William Billings' "An Anthem for Easter" (first published in Boston in 1787)
  • Liam
    Posts: 5,592
    As we are in the Easter Octave, this seems as good a week as any to share a deliciously robust piece of American hymnody; if music had a dimension of color (I am a synaesthete, so it does for me), this may be said to painted boldly in mostly primary colors. Subtle it's not, but delightful it is. Remember: this idiom was created for congregations to sing together in harmony. Imagine ... your congregation singing this.

    https://www.youtube.com/watch?v=YCqfw7McfpE

    Early American Choral Music Vol. 1: Anthems and Fuging Tunes by William Billings (Harmonia Mundi, 1992) His Majestie's Clerkes, Paul Hillier

    Lyrics from Edward Young (1681-1765), expanding upon 1 Cor. 15:20:

    The Lord is ris’n indeed! Hallelujah! The Lord is ris’n indeed! Hallelujah!
    Now is Christ ris’n from the dead, and becomes the first-fruits of them that slept.
    ||: Now is Christ ris’n from the dead, and becomes the first-fruits of them that slept. :||
    Hallelujah, hallelujah, hallelujah!

    ||: And did he rise? :|| (6x)
    ||: Did he rise? Hear it, ye nations! Hear it, O ye dead! He rose, he rose, he rose, he rose,
    He burst the bars of death. He burst the bars of death, He burst the bars of death and triumphed o’er the grave. :||

    Shout! Shout, earth and heav’n! This sum of good to man: whose nature then took wing, and mounted with him from the tomb, and mounted with him from the tomb!
    [this verse was added in a 1795 republication]
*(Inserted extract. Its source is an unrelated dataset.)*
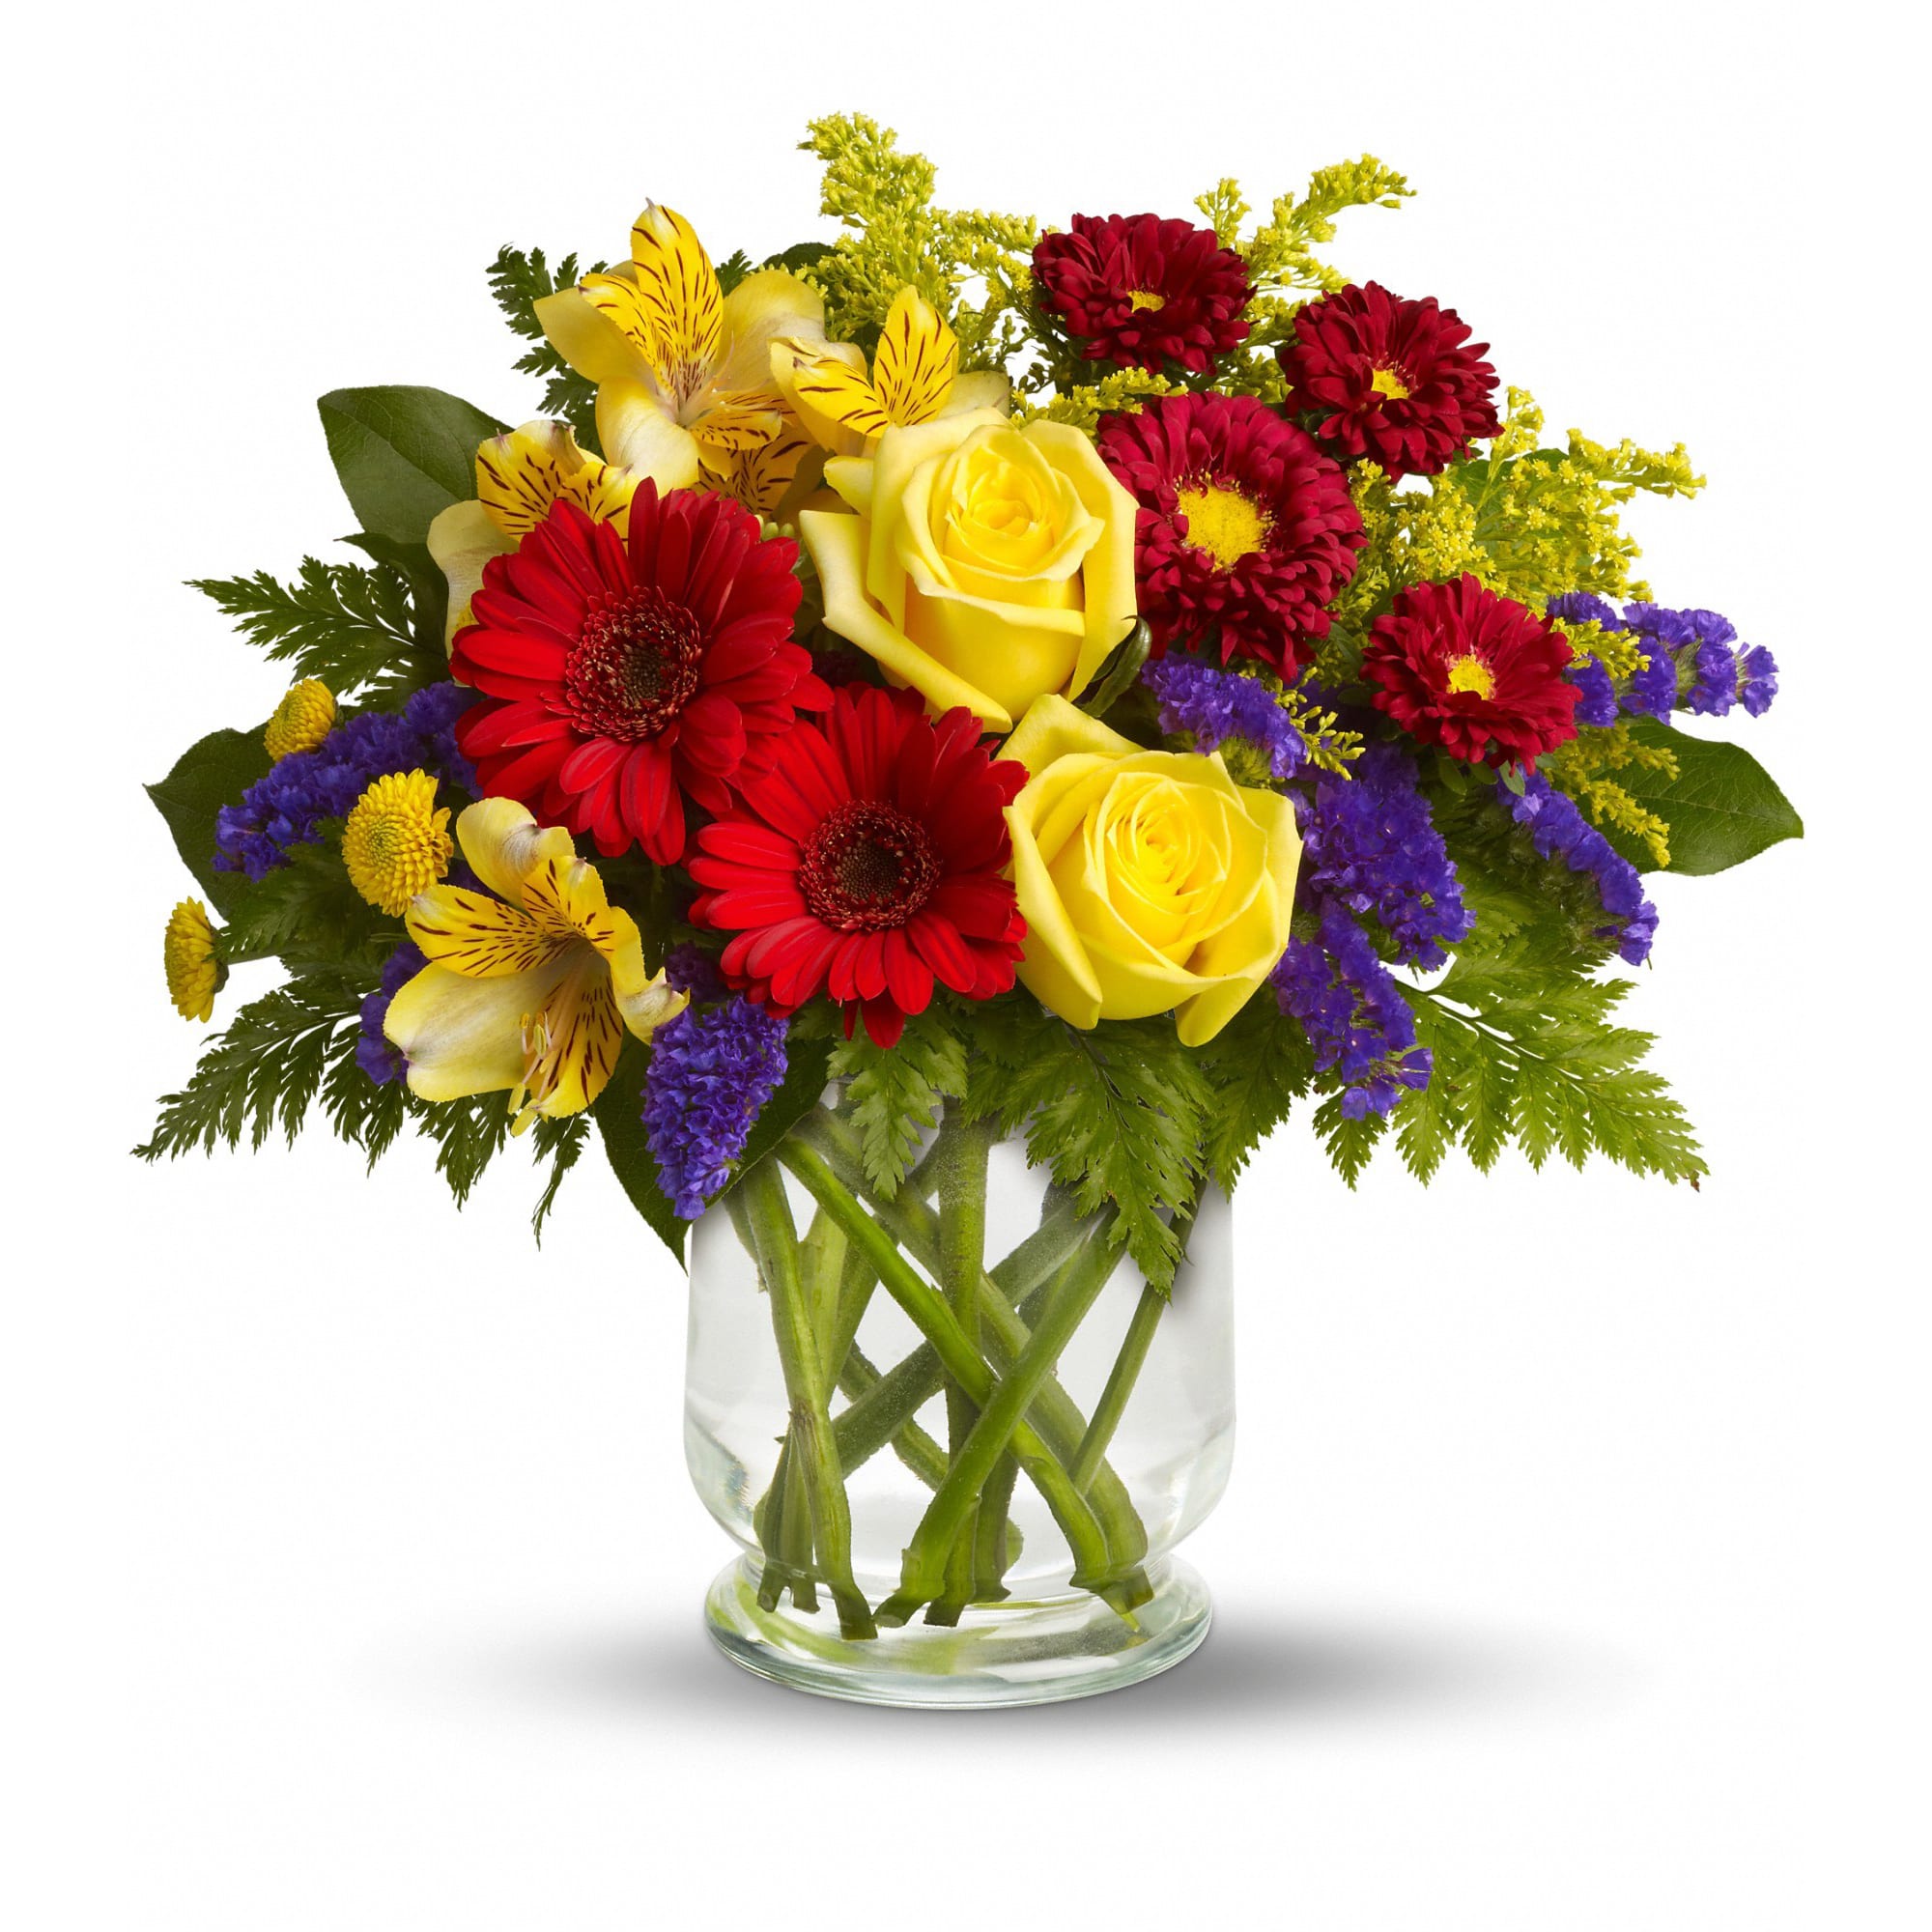 Garden Parade by Teleflora - You'll want to put this colorful bouquet on your hit parade of gifts to send. Bold primary colors and a perfect mix of flowers make it great for men and women of all ages. In other words, it's a perfect arrangement.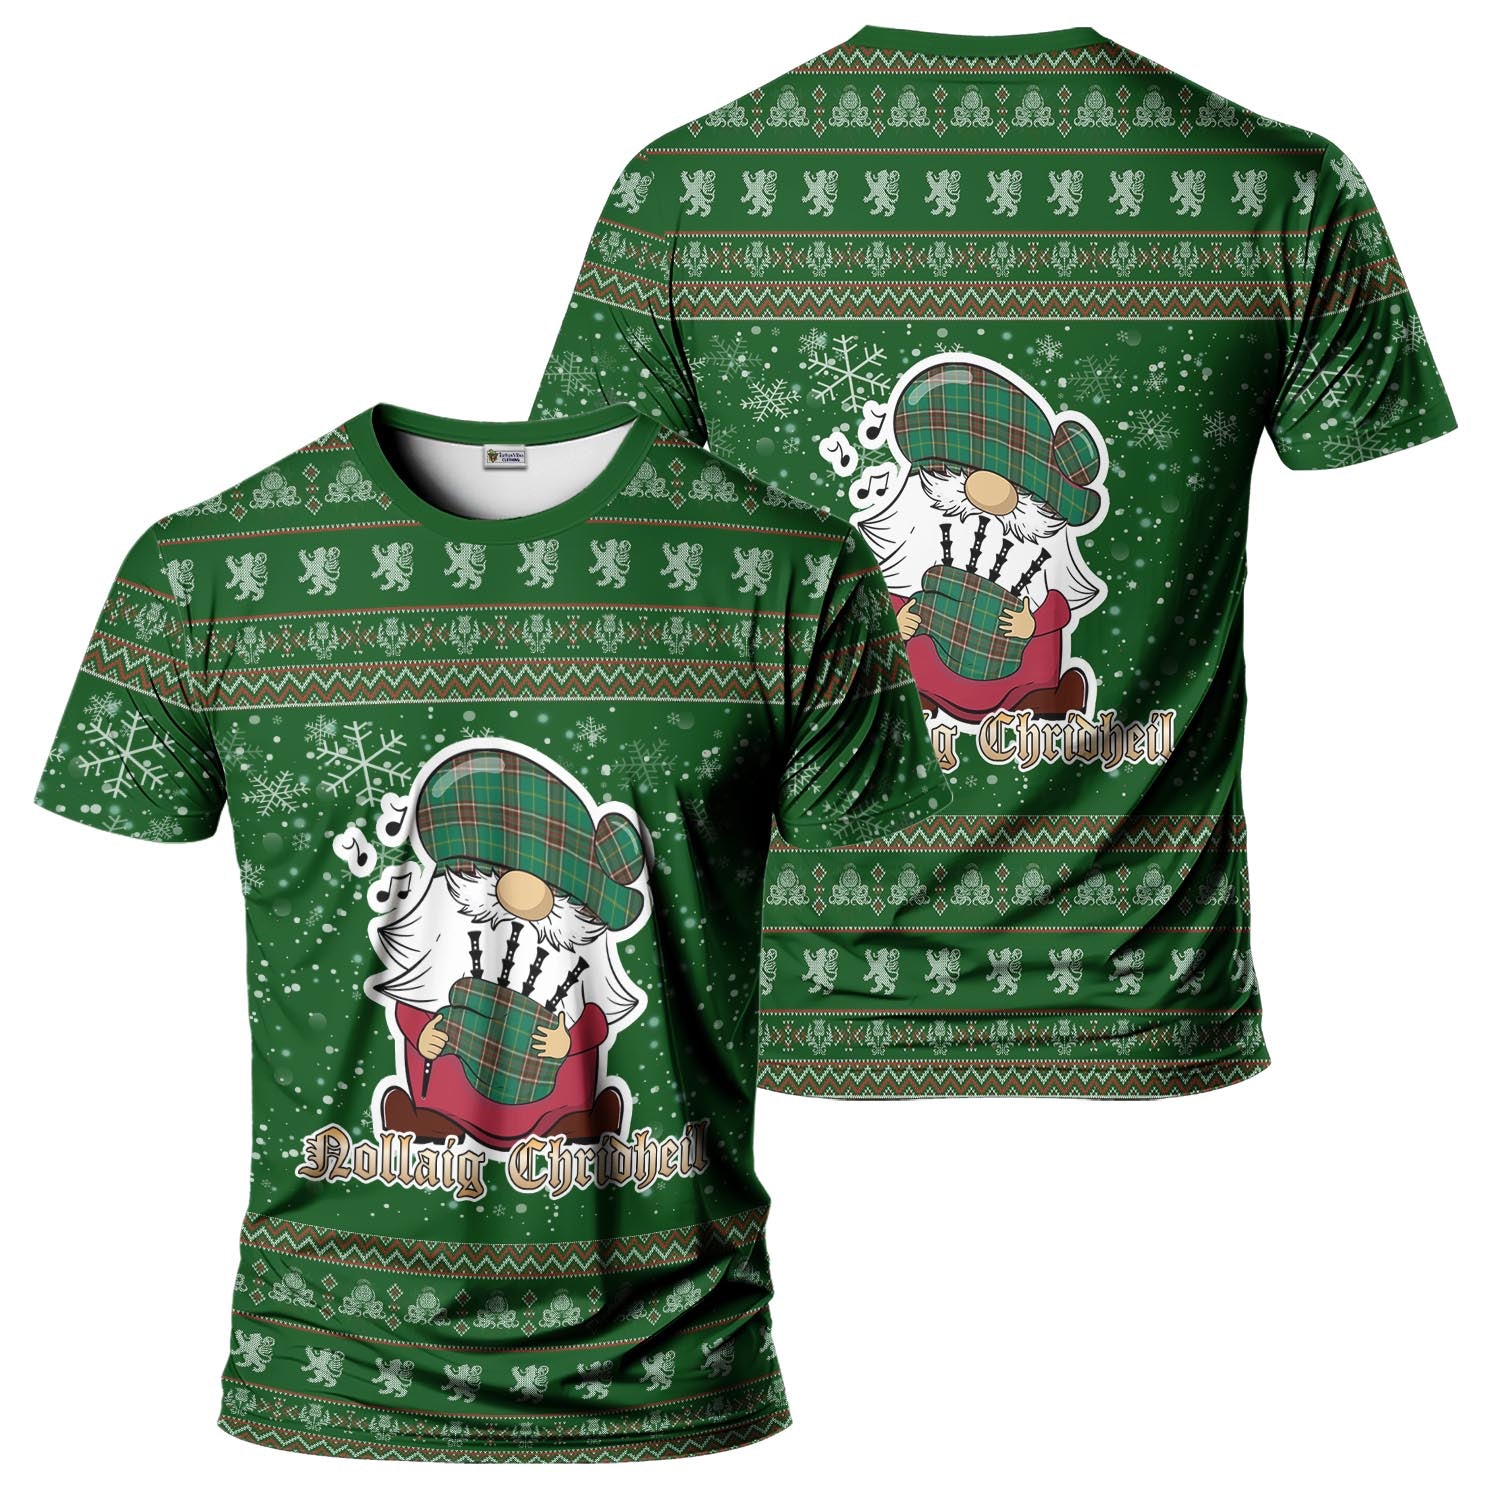 Newfoundland And Labrador Province Canada Clan Christmas Family T-Shirt with Funny Gnome Playing Bagpipes Men's Shirt Green - Tartanvibesclothing

    Then, then, then I rose, then I rose, then I rose, then I rose.
    Then first humanity triumphant passed the crystal ports of light and seized eternal youth, and seized eternal youth!

    Man all immortal hail, hail, heaven, all lavish of strange gifts to man,
    Thine’s all the glory, man’s the boundless bliss; Thine’s all the glory, man’s the boundless bliss; Thine’s all the glory, man’s the boundless bliss!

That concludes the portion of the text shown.